- Interactive map of Grand Faw Port

Location
- Location: Faw, Basra, Iraq
- Coordinates: 29°54′53″N 48°26′28″E﻿ / ﻿29.9148°N 48.4411°E
- UN/LOCODE: IRQ FAW

Details
- Built: Phase I: (2013-2019) 11 meters (36 feet) max draft (hull) of channels Phase II: (2020–2025) 19.8 m (64,9 ft) max draft of channels Phase III: (2030–2045) TBD max draft of channels
- Operated by: State Company for Maritime Transport State Company for Iraqi Ports
- Type of Harbor: Bulk cargo; container terminal; ro–ro; oil terminal;
- Size: 54 km^{2} Free Trade Area
- No. of berths: Phase I: 5 (Completed) Phase II: 30 (by 2030) Phase III: 100 (by 2045)
- Rail lines: Development Road
- Rail gauge: 1,435 mm (4 ft 8+1⁄2 in) standard gauge
- Truck types: Tractor unit Tank Truck

= Grand Faw Port =

Port under construction in southern Iraq

The Grand Faw Port (ميناء الفاو الكبير) is a port under construction located on the coast of Iraq, in proximity of the city of Al-Faw, on the northern tip of the Gulf of Basra.

It is meant to be the southern terminal of the Development Road and is considered a strategic national project for Iraq. It is planned to become one of the largest ports in the world and the largest in the Middle East. In addition, it is hoped to strengthen Iraq's geopolitical position in the region and the world.

== History ==
The port is located in the Faw peninsula, south of Basra. The history of this project dates back to after the Second World War, then was re-presented in the seventies, and the first serious and operational implementation steps began in the eighties, but after the outbreak of the Iran-Iraq war, the project was halted. After the military invasion of Iraq led by United States and allies, and the fall of the previous regime, major international investment companies headed to Iraq to re-propose the implementation of the project. A proposal was made by a major investment company and the construction phase was supposed to be completed, and the operation to be started by 2038. But the Ministry of Transport turned it down and made major design changes. The ministry's changes aimed to expand the project size from 12 to 54 square km, establish about 100 berths for unloading and loading different types of goods, construct power plants, water desalination plants, construct a container area more than one square km in size, and a multi-purpose yard with an area of 600 square km. As well as the construction of refineries for oil derivatives, a petrochemical plant, and expanding the railway stations connecting Basra with the other governorates in Iraq, and the construction of new one to connect Faw Peninsula with Basra. Furthermore, Iraq is planning to establish large naval base in the Faw peninsula.

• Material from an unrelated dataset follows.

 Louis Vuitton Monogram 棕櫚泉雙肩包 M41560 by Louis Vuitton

According to experts, the delay of the project is related to financial, technical, and internal and external political problems, which greatly delayed the completion of the first phase of the project.

== Overview ==
The project was first official proposed and announced in 2010, however countless delays due to the conflict in Iraq, and the blockade by cash shortages due to internal hostilities and low oil prices caused the project to be halted. However finally, in 2020 the Prime Minister of Iraq Mustafa al-Kadhimi launched the second phase of the port, with South Korean company Daewoo Engineering winning the $2.7 billion contracts for the port in December. Several other companies competed for the contracts including Chinese, Emirati and American companies.

Iraq hopes the port will create a shorter transportation corridor between the Middle East and Europe, bypassing the Suez Canal, through the eventual expansion of a national rail network.

=== Construction ===
The breakwaters of the port have already been completed costing over 1 billion dollars, they became the world's longest at 14.523 km. The breakwaters were constructed by Daewoo Engineering & Construction Co. Ltd (South Korea), GCPI (Iraq) and TECHNITAL (Italy) in Basra, Iraq on 2 April 2020 as recognized by the Guinness World Records.

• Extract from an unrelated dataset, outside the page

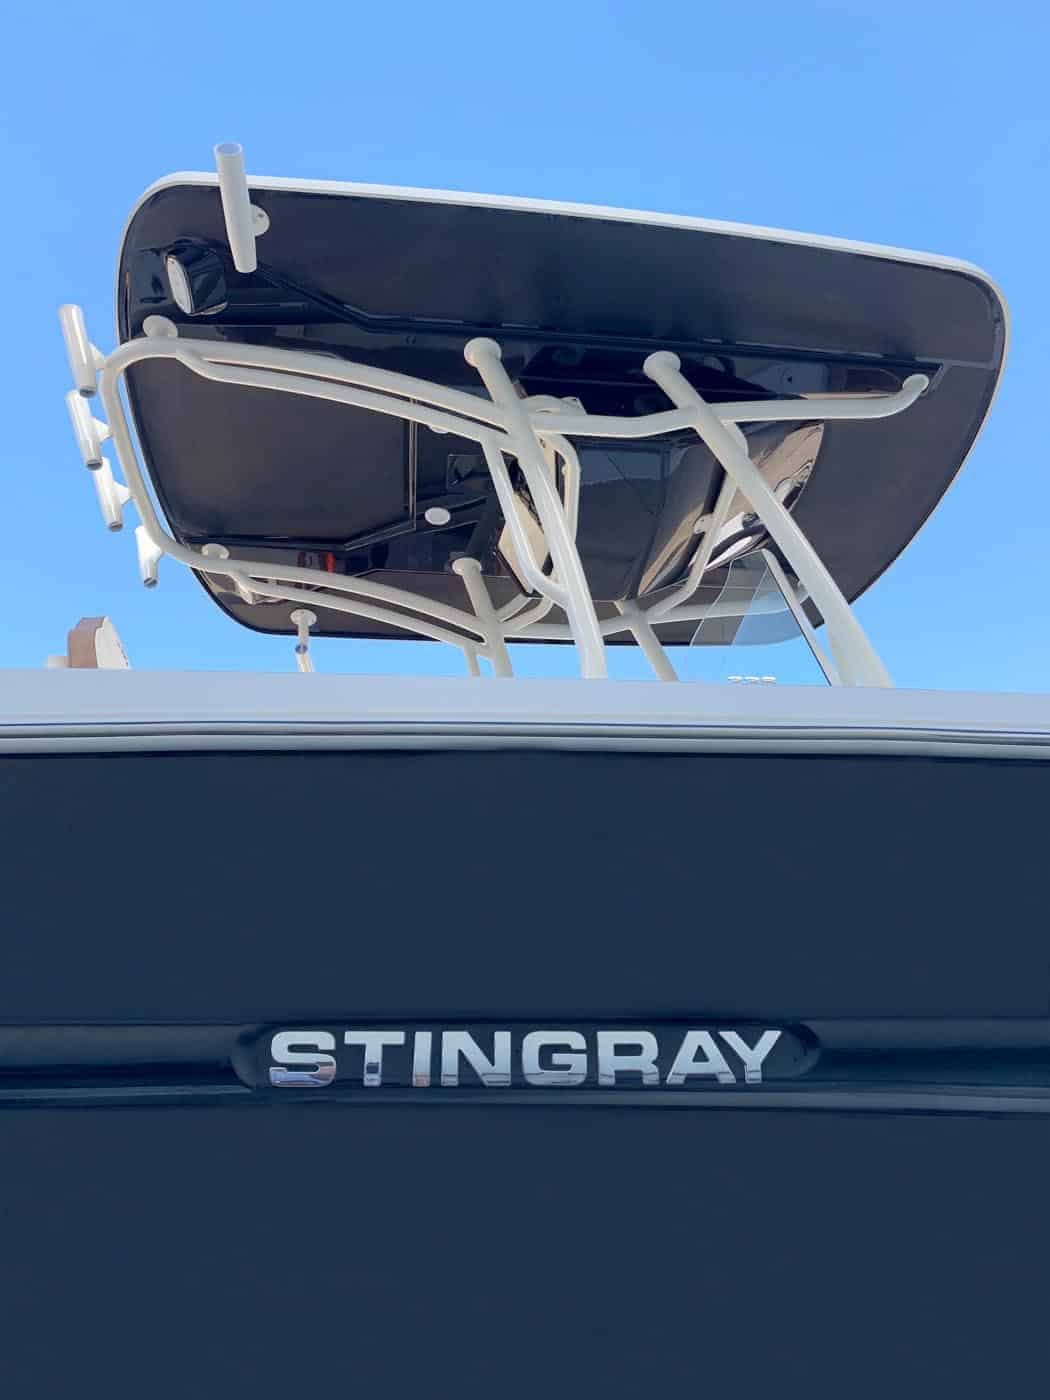 https://stingrayboats.com/wp-content/uploads/2020/01/stingray-boats-236cc-detail-016.jpg
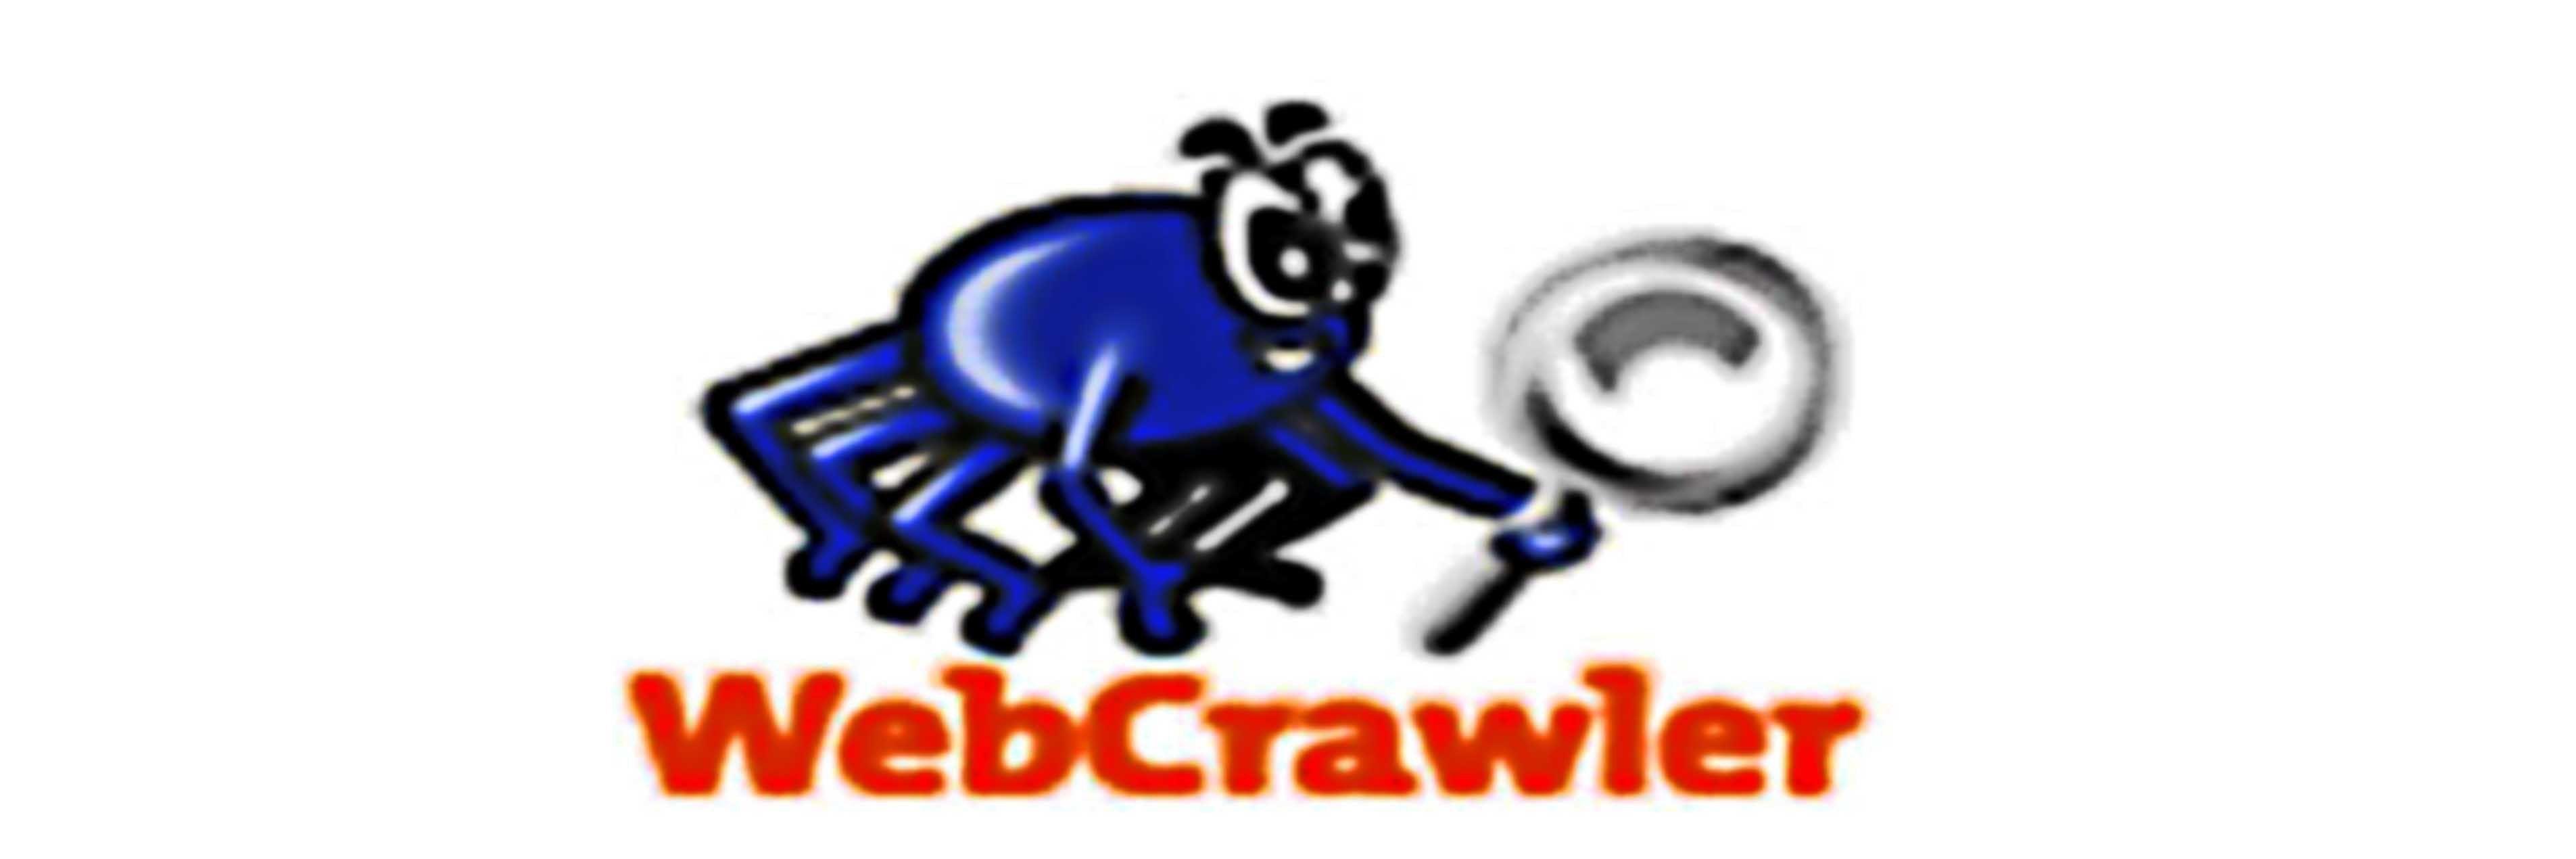 WebCrawler Logo - of the most popular search engines. Athrinel Marketing LLC, USA

Construction of the initial five berths, as well as roads, and a tunnel to connect it to Um-Qasr port across the Khor-Al-Zubair waterway began.

In April 2024, during a visit to Baghdad by Turkish President Recep Tayyip Erdogan, a quadrilateral memorandum of understanding regarding cooperation in the Iraq Development Road project was signed between Iraq, Türkiye, Qatar, and the UAE, inked by the transportation ministers from each country. The 1,200-kilometer project with railway and highways which will connect the Great Faw Port, aimed to be the largest port in the Middle East. It is planned to be completed by 2025 to the Turkish border at an expected cost of $17 billion.

On 7 November 2024, a handover ceremony was held at the site of the Grand Faw Port, where the Prime Minister Mohammed Shia' Al Sudani announced the completion of the construction of the five initial berths, concluding the first phase of the construction of the planned 100 berths.